===== Data shown

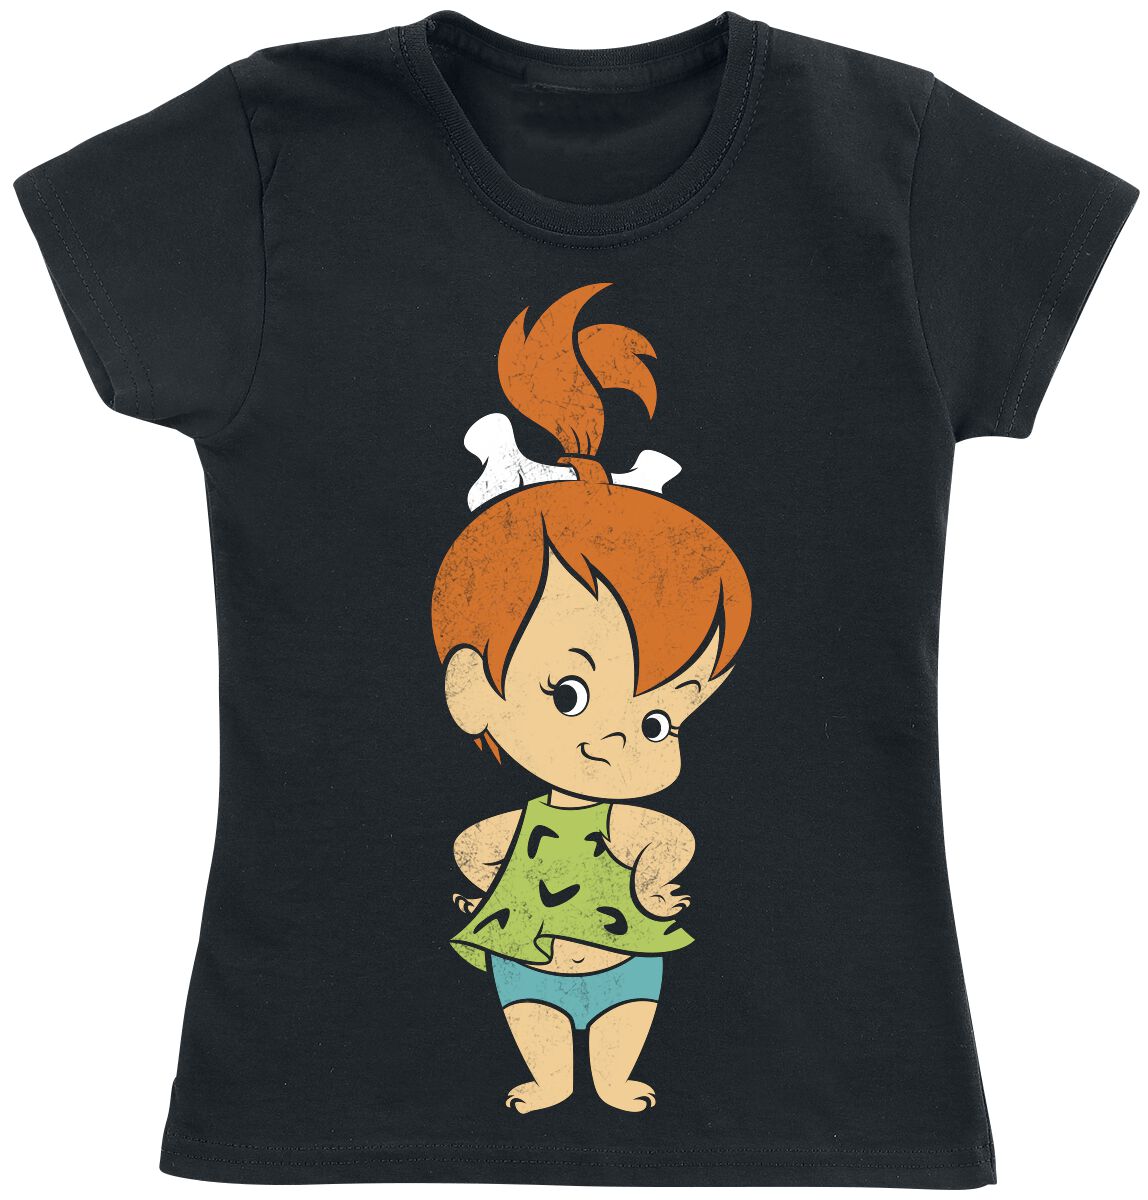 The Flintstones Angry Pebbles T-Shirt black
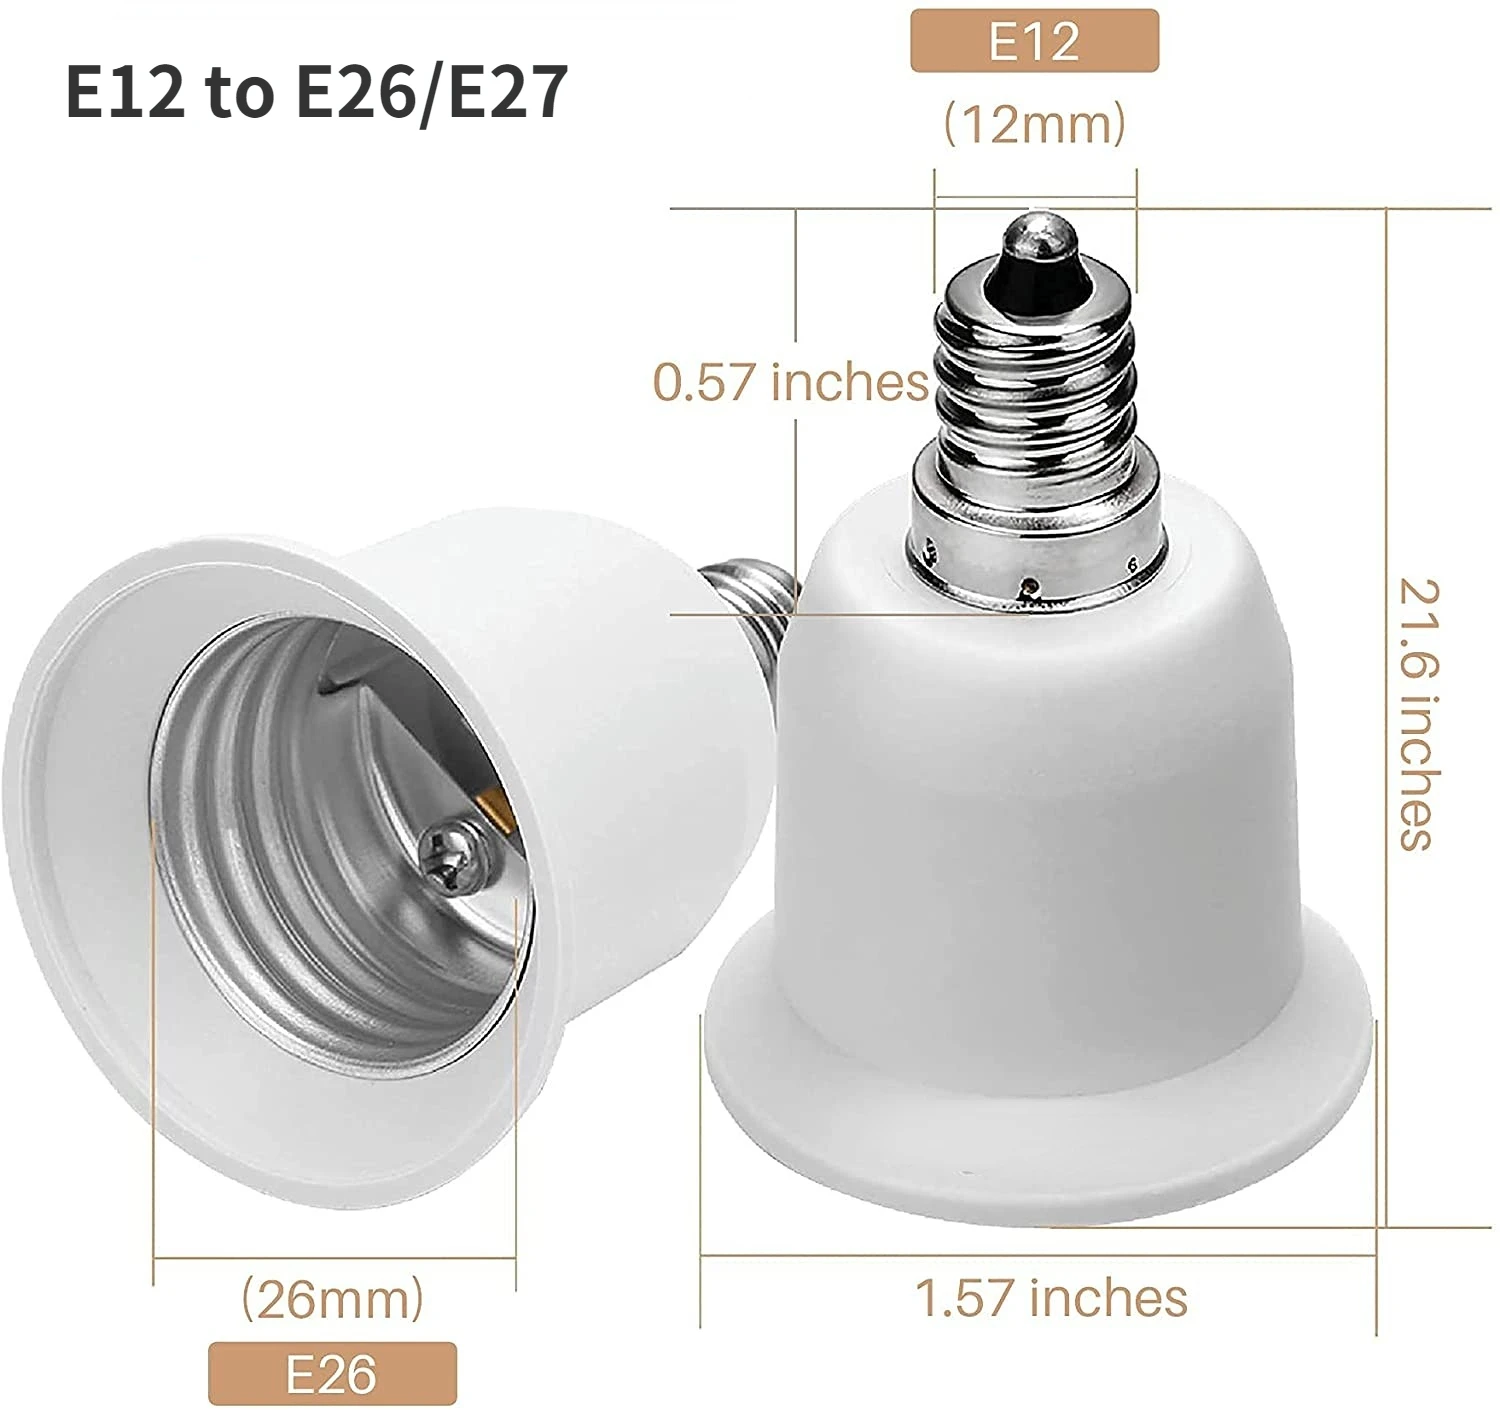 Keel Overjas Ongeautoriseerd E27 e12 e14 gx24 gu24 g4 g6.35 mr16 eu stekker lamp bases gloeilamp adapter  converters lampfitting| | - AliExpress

==========
===== Data shown

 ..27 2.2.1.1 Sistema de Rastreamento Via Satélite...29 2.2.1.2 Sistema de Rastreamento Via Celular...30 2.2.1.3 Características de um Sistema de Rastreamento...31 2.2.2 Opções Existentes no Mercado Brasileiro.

==========
===== Data shown

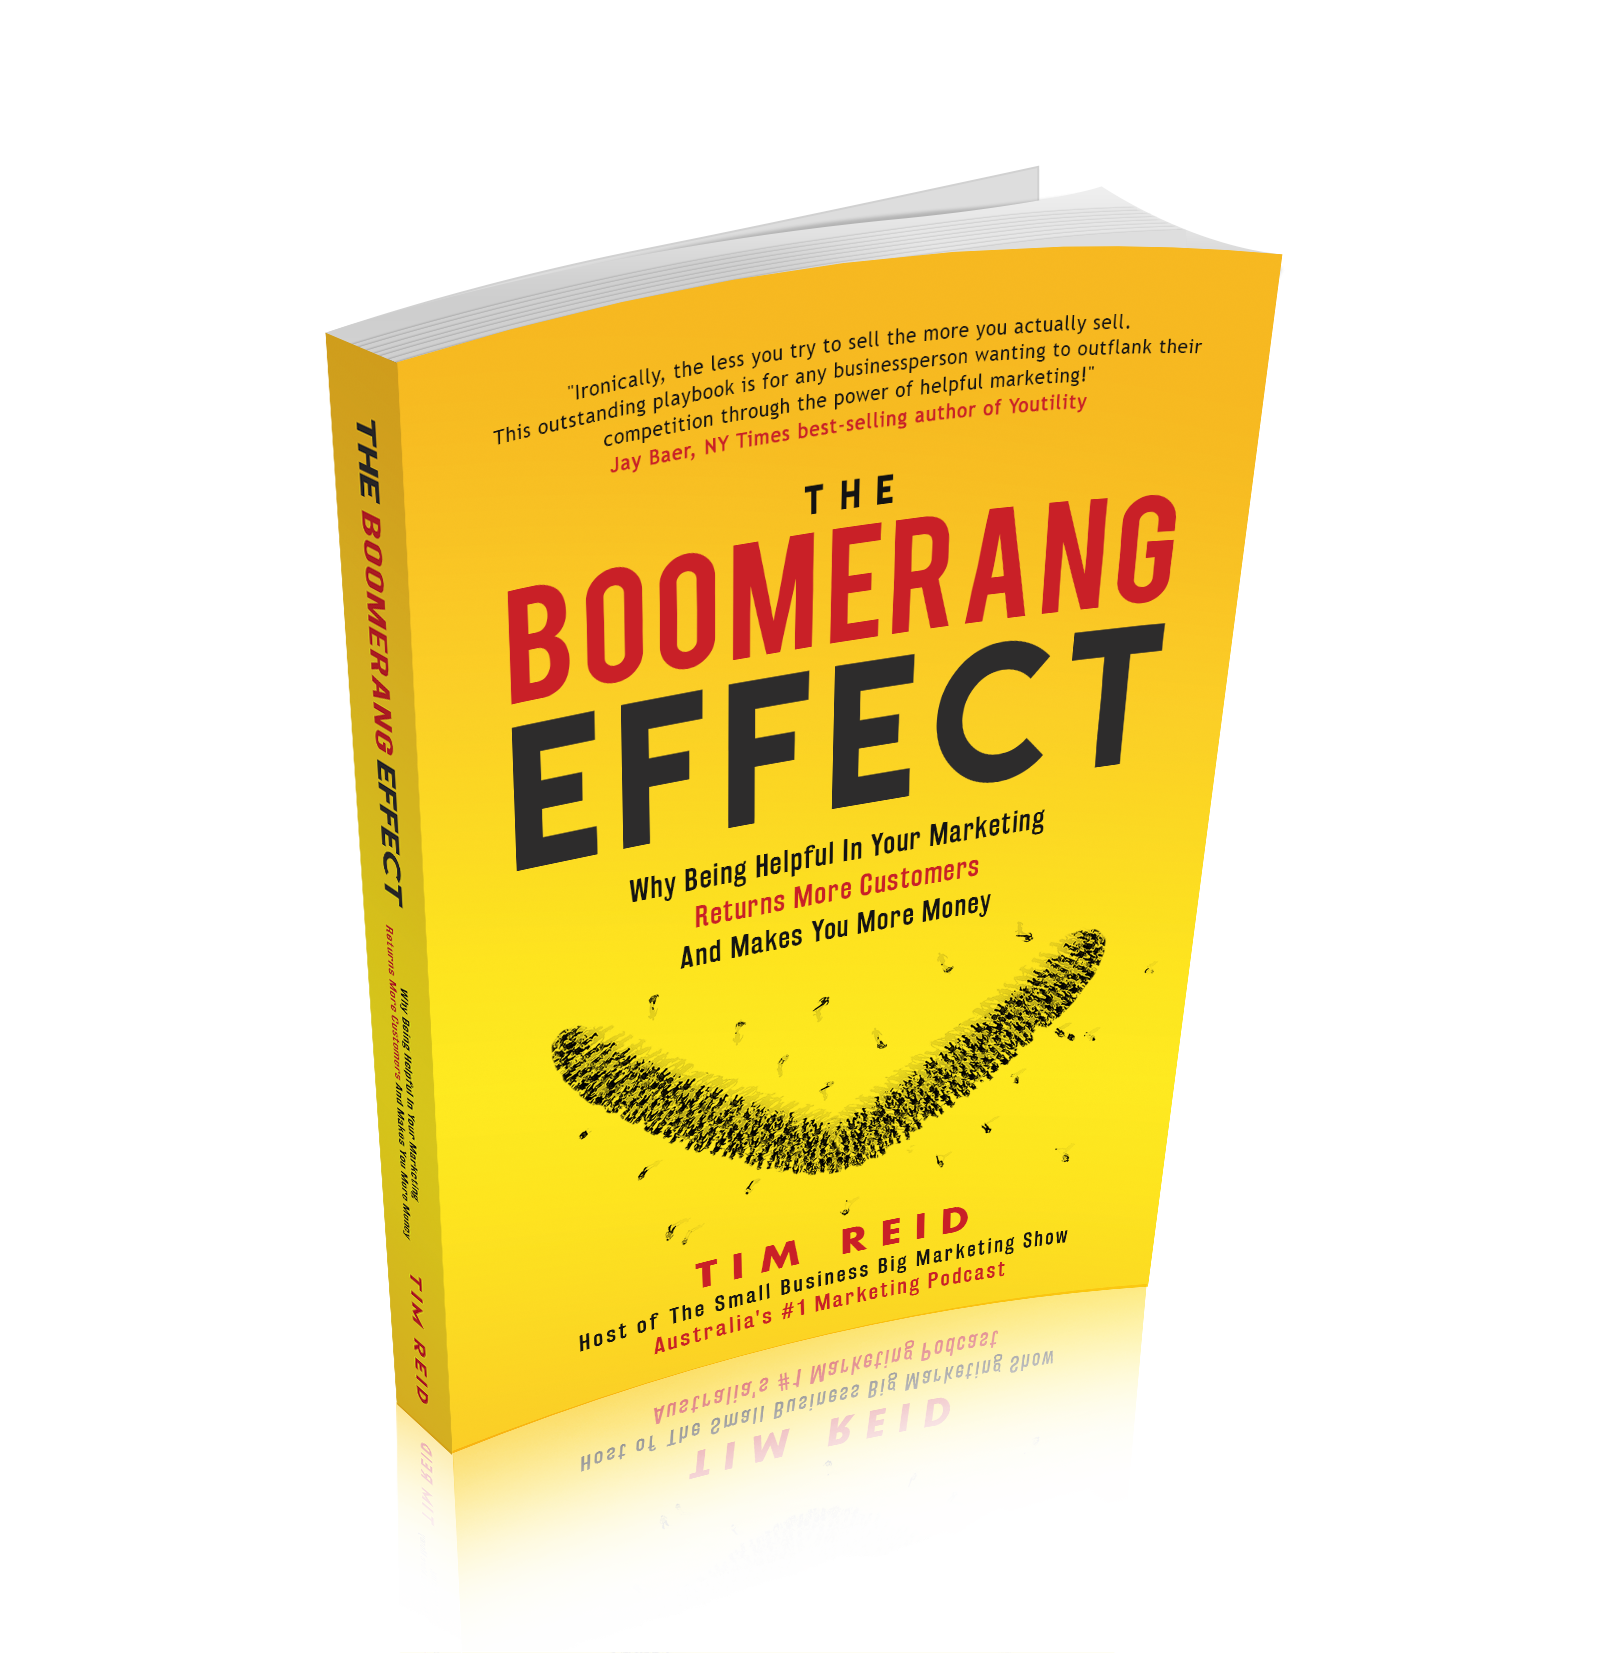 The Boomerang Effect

==========

▶ What the exercise asks
From the material above, output only the span of lines that starts at the one containing "The Flintstones Angry Pebbles T-Shirt black" and finishes at the one containing "Keel Overjas Ongeautoriseerd", word for word and free of pictures.

▶ Result of the exercise
 The Flintstones Angry Pebbles T-Shirt black
 Keel Overjas Ongeautoriseerd E27 e12 e14 gx24 gu24 g4 g6.35 mr16 eu stekker lamp bases gloeilamp adapter  converters lampfitting| | - AliExpress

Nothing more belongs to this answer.